People have forgotten that the founding fathers dreamed of a future of cool and deliberate conversations between people to decide what might be the best course of action for any number of different circumstances. Debate in this country was supposed to be the kind of conversation you find between common men who would argue points of view like was supposed to be done in a court of law before lawyers became the main attraction. People were supposed to be able to hold public conversations so that the best possible views could be heard, and then people could make enlightened decisions based on having heard all of the good information provided for them.

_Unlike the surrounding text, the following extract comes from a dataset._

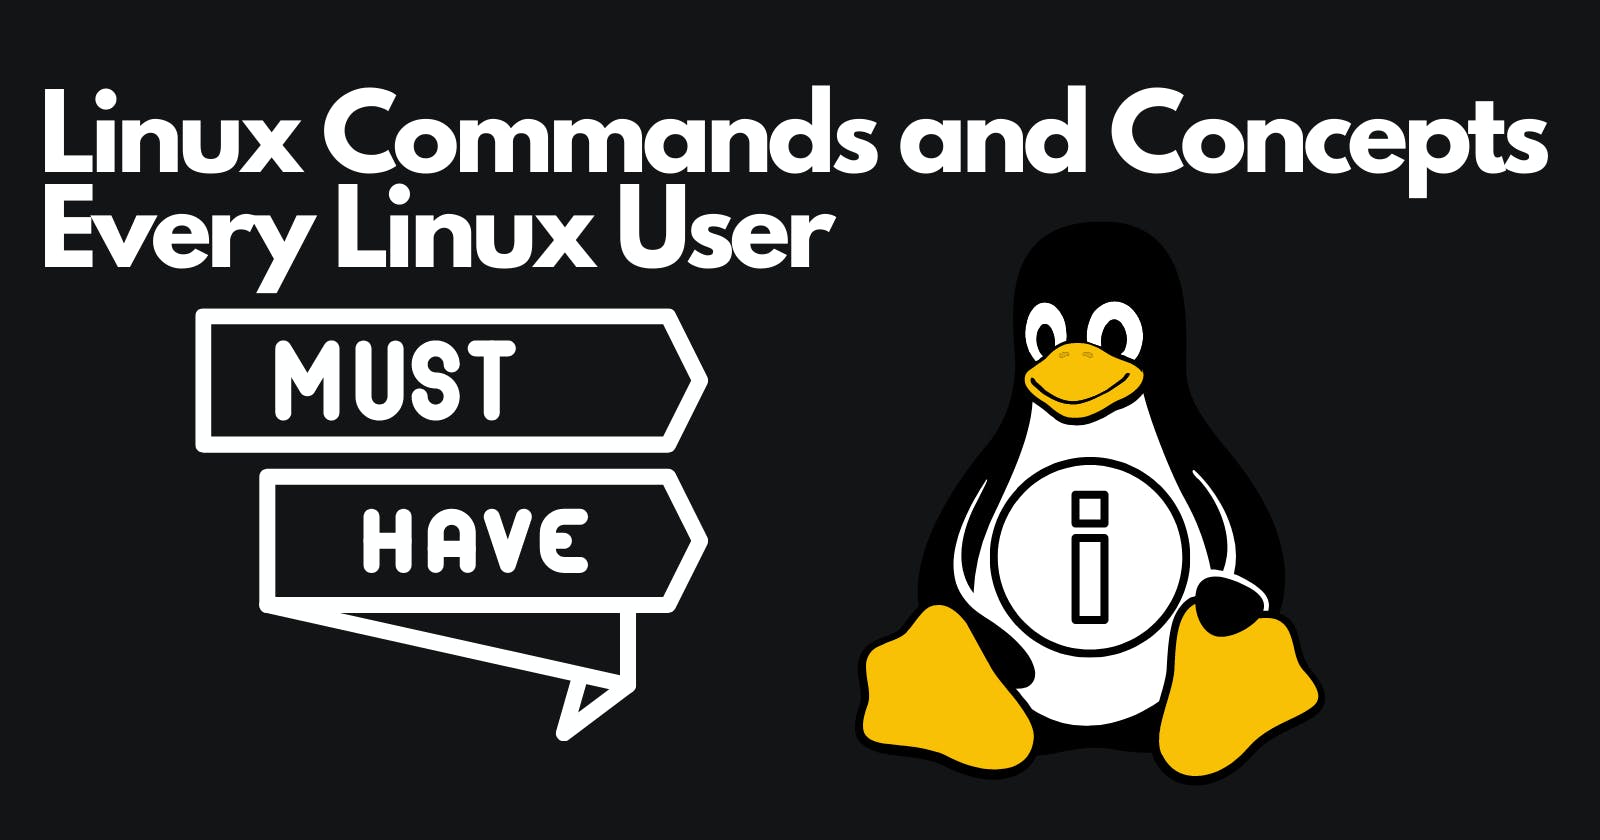 Important Linux Commands and Concepts Every Linux User Must Know

Instead, we base our decisions on sound bytes and screaming matches. Or even worse, we listen to only those voices we already agree with, so we don’t even allow ourselves to be exposed to voices that might differ from the ones we already hear on a constant basis. This means that new ideas are ignored and avoided while we keep hearing the same bad ideas over and over again, because that’s all we’re ever capable of hearing.

Debate in this country is seriously lacking, and part of the problem is the derision we cast towards the very nature of debate itself. Having a conversation with someone you disagree with used to be a wonderful thing until people stopped communicating and just went to “win” arguments with people they disagree with. When that happens, we stop listening to what other people have to say and hope to keep talking long enough to exhaust the other guy so that we’re all that other people hear.

A few years ago, I was lucky enough to hear a debate between a very good collegiate team from Ireland against one of our top teams in the United States, and what was so interesting about the debate was that the issue was about immigration, and in the beginning, it appeared the Irish team was at a disadvantage because the conversation was one that was dominating the US market. But what happened was that the Irish team brought up arguments and evidence that people in the United States rarely, if ever, get to hear, and it was as if we were hearing about immigration for the very first time, even though we hear it practically every time there is an election in the United States. During this one hour or so debate, it was unique, different and overwhelming.

Unfortunately, we don’t partake in such exchanges like that very often. Instead, we remain with tunnel vision and pretend we know all of the facts because we’ve been convincing ourselves that we’ve heard it all before and compartmentalize any opposition before we actually even hear the first opposing word.

There’s not enough debate in this country as it is, and the very little there is remains locked up in despair because people have already decided what is and is not “debate”. So, like the whole Crucial Conversations joke of an educational module, we are doomed to treat debate as opposition to good conversation, leaving us in a state of rarely ever learning anything new. And that is truly sad.